Was bedeutet für Euch Wald?
Den brauchen wir zum Atmen! Und er ist doch auch einfach so schön – diese alten, wilden Bäume, diese Baumbärte, die Rinde… Das ist doch einfach das Schönste!

 

Was bedeutet für Euch das Gebirge?
Ohne Berge, das kann man sich doch gar nicht vorstellen! Wie viel wir früher in den Bergen war – mit den Kindern, einfach den Rucksack packen und los. Das war das Beste.

 

Was bedeutet für Euch Königstraum?
Der König Ludwig, der Luggi ist noch voll da, natürlich spielt der heute noch eine Rolle.
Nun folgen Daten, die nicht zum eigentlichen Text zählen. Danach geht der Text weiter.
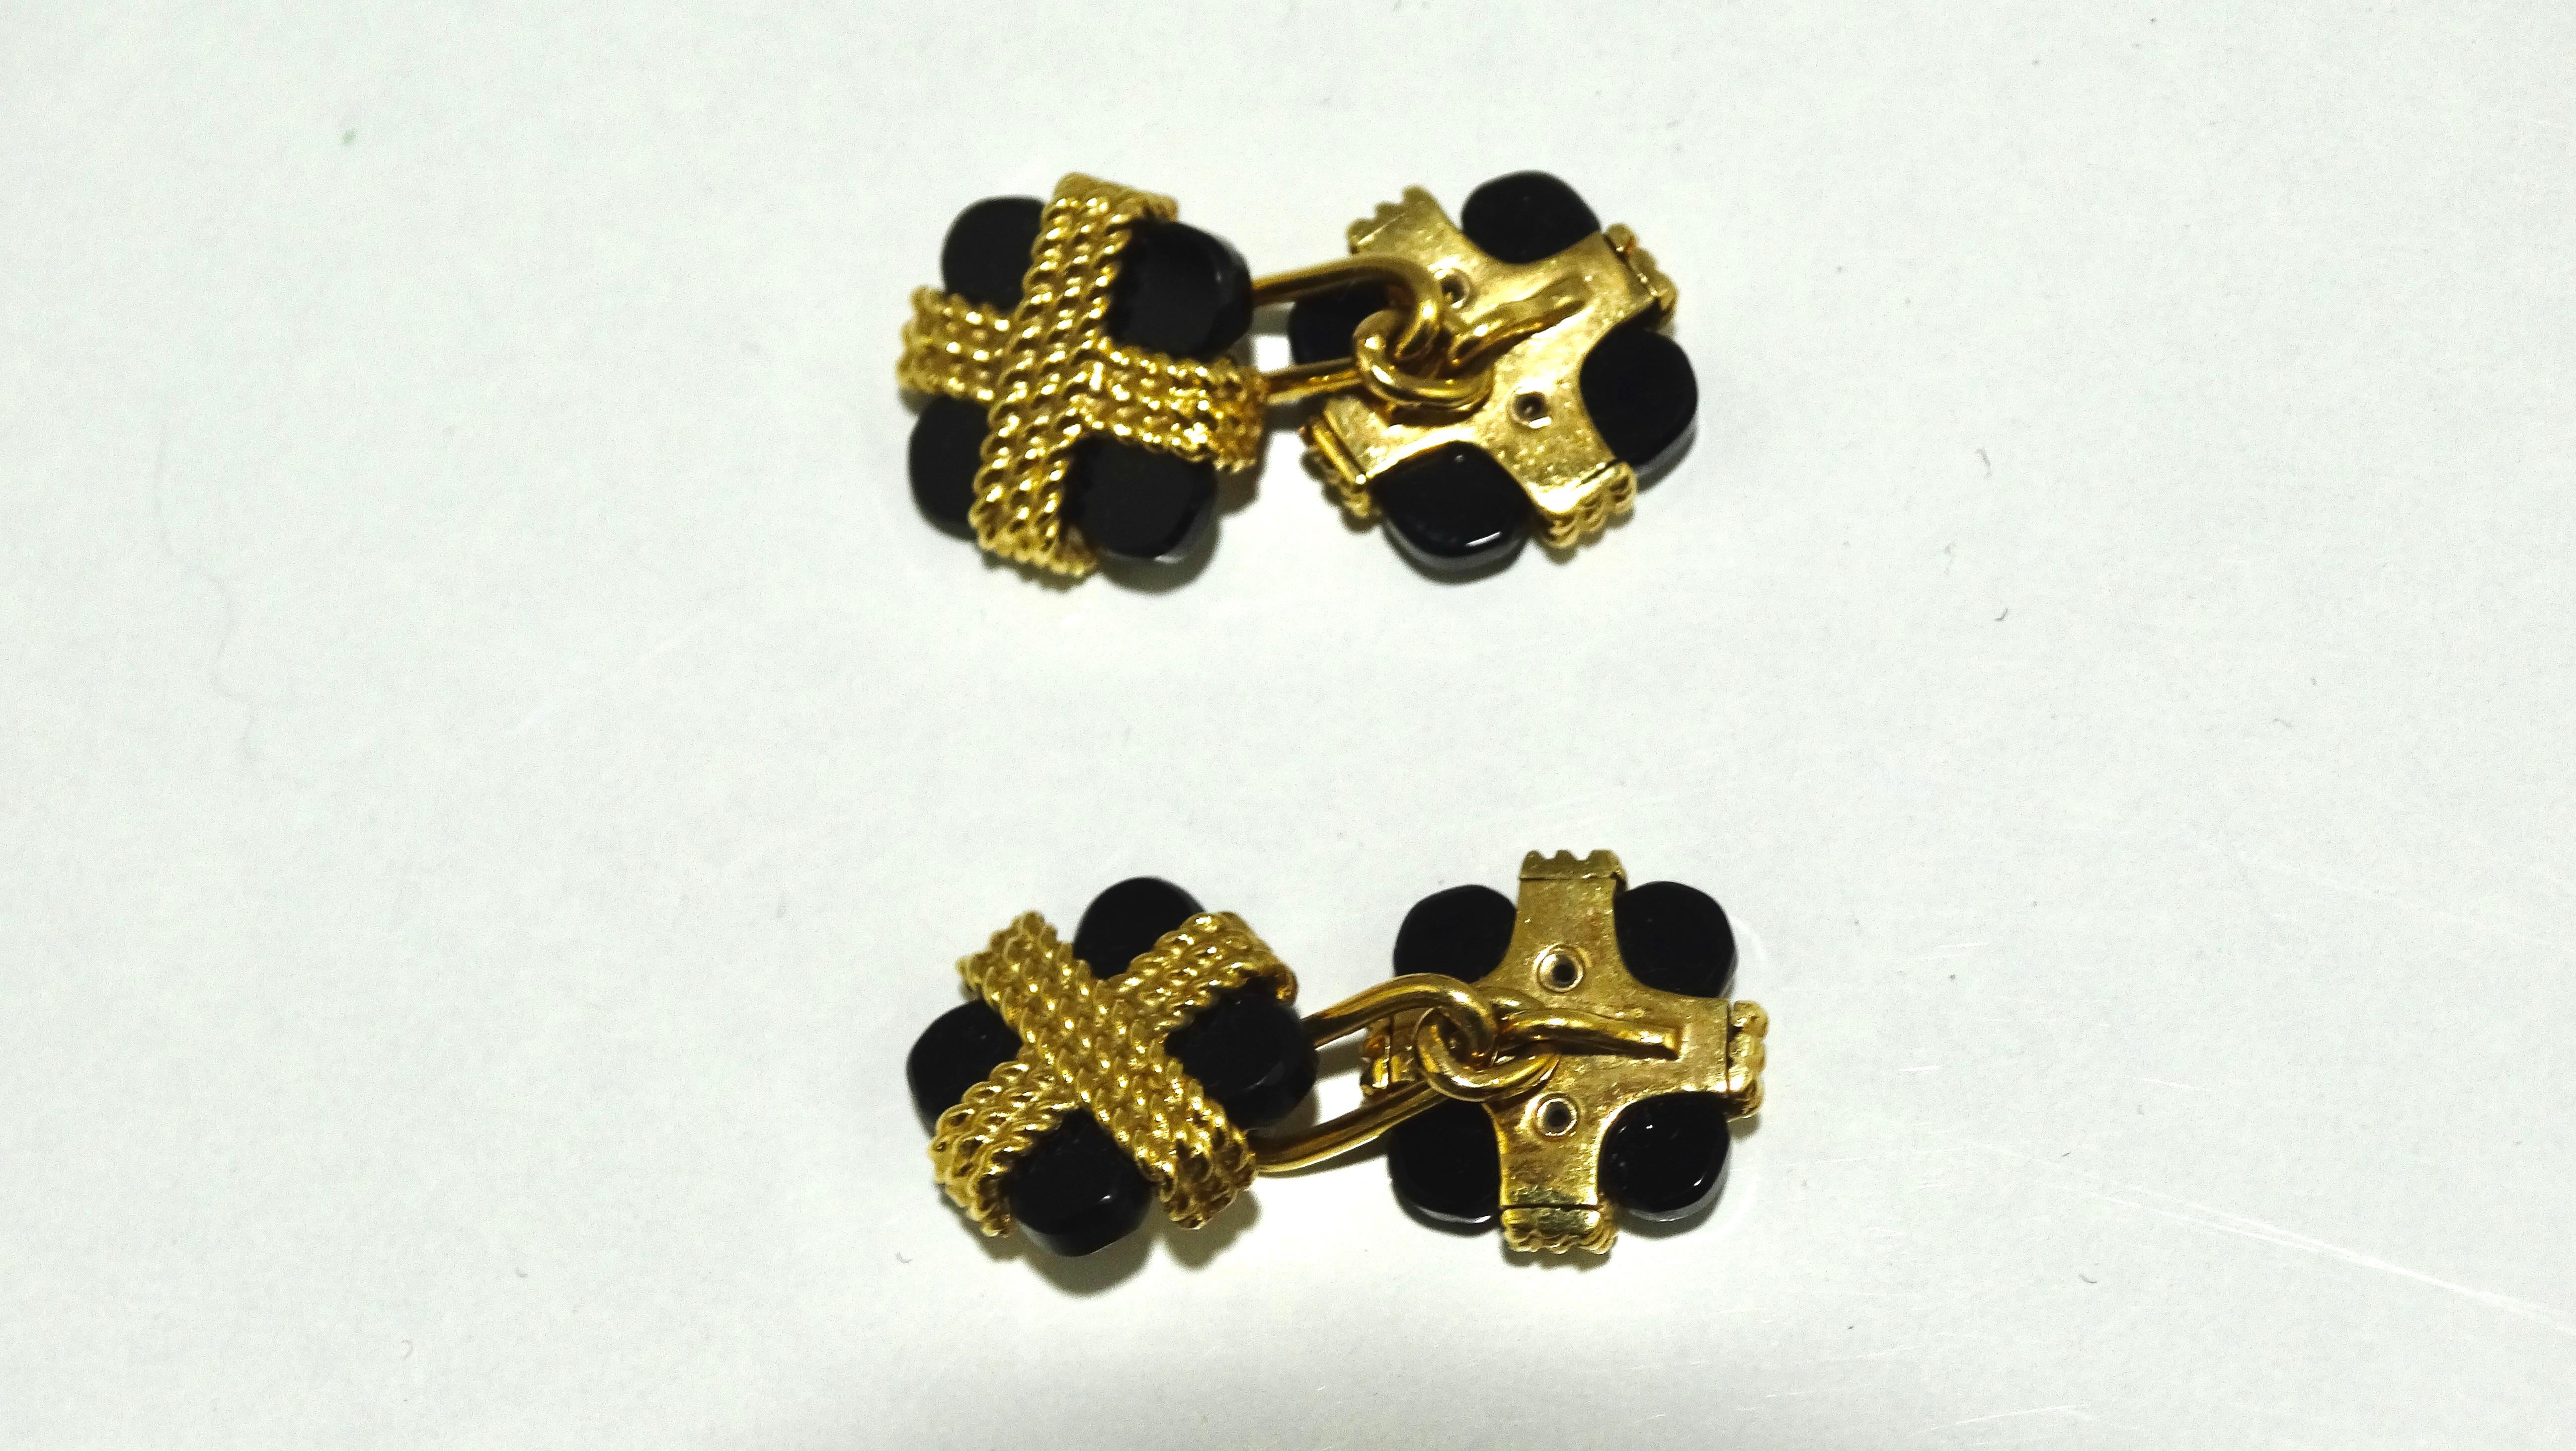 This is a wonderful pair of cufflinks from the luxury jewelry designer Van Cleef & Arpels cira 1970s. The cufflinks features a square onyx wrapped in an 18k gold rope style design. These versatile cufflinks would look sharp paired with your Rolex or

Nicht nur in unserer Generation! Er hatte schon auch ein Auge dafür, wo es schön ist. Wir haben ein Jahr lang neben dem Schloss Linderhof gelebt. Das war wirklich schön.

 

Was bedeutet für Euch Mythos Bayern?
…darf ich das so sagen? Also ich finde, Bayern ist das schönste auf der ganzen Welt. Und wir haben schon viel von der Welt gesehen, aber das hier, das ist schon was ganz Besonderes. Auch die Leute, hier wird noch Brauchtum gelebt, man trägt noch Tracht und hält zusammen. Das ist etwas Besonderes.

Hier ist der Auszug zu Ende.